- Directed by: Isadore Freleng
- Produced by: Leon Schlesinger
- Music by: Norman Spencer
- Animation by: Paul Smith Don Williams
- Color process: Technicolor
- Production company: Leon Schlesinger Productions
- Distributed by: Warner Bros. Pictures The Vitaphone Corporation
- Release date: November 20, 1935;
- Running time: 7 min
- Country: United States
- Language: English

= Flowers for Madame =

1935 film by Isadore Freleng

Flowers for Madame is a 1935 American animated comedy short film directed by Isadore Freleng. The short was released on November 20, 1935. It is the 52nd film in the Merrie Melodies series. It is also the first film in the series to use 3-strip Technicolor, as Walt Disney Productions' 3-strip Technicolor exclusivity deal expired after its release; the film is a pastiche of Disney's Silly Symphony cartoon Flowers and Trees. It was re-released as a "Blue Ribbon" reissue in 1953, rendering the original film and credits lost to this day.

==Plot==
Flowers come to life and sing the titular song. They use other objects and flowers like musical instruments and umbrellas. Meanwhile, a flower pageant occurs, starting with an insect marching band leading the competitors. A cactus watching the commotion goes to his car and plants blue flowers near its wheel to drive to the judge. Unfortunately, the judge does not like the sight, causing the car to explode to the cactus' embarrassment.
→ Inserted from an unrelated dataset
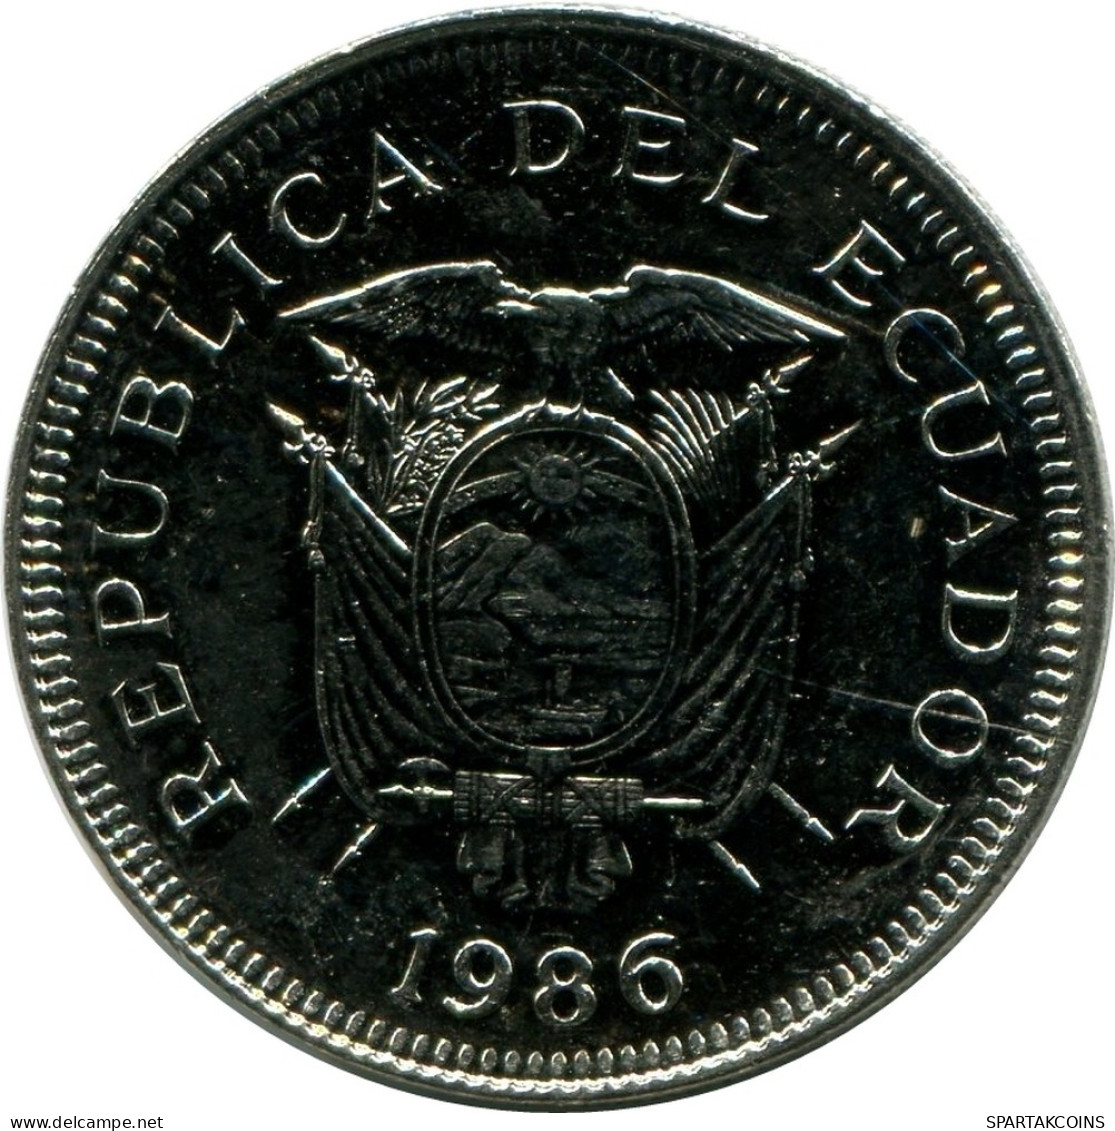 1 SUCRE 1986 ECUADOR UNC Moneda #M10237.E - Ecuador

Elsewhere, a poorly placed magnifying glass next to a dropped match causes it to be lit, burning the nearby grass and starting a wildfire. As the fire comes to life and a small fire gremlin chases a flower, a bellflower gathers water from a nearby river and sprays it on the gremlin, killing it. Another gremlin chases a snail, who is spooked into running in supersonic speeds and stops at a lily pad on a pond. The cactus sees the fire and runs to an irrigation system, which works temporarily, until a fire gremlin kicks him from behind and turns off the system. The cactus runs to a watermelon field and pokes them to unleash a great amount of water, which extinguishes the fire. As the cactus is hailed as a hero, the fire gremlin hides from a grasshopper, who spots it and kills it by spitting tobacco.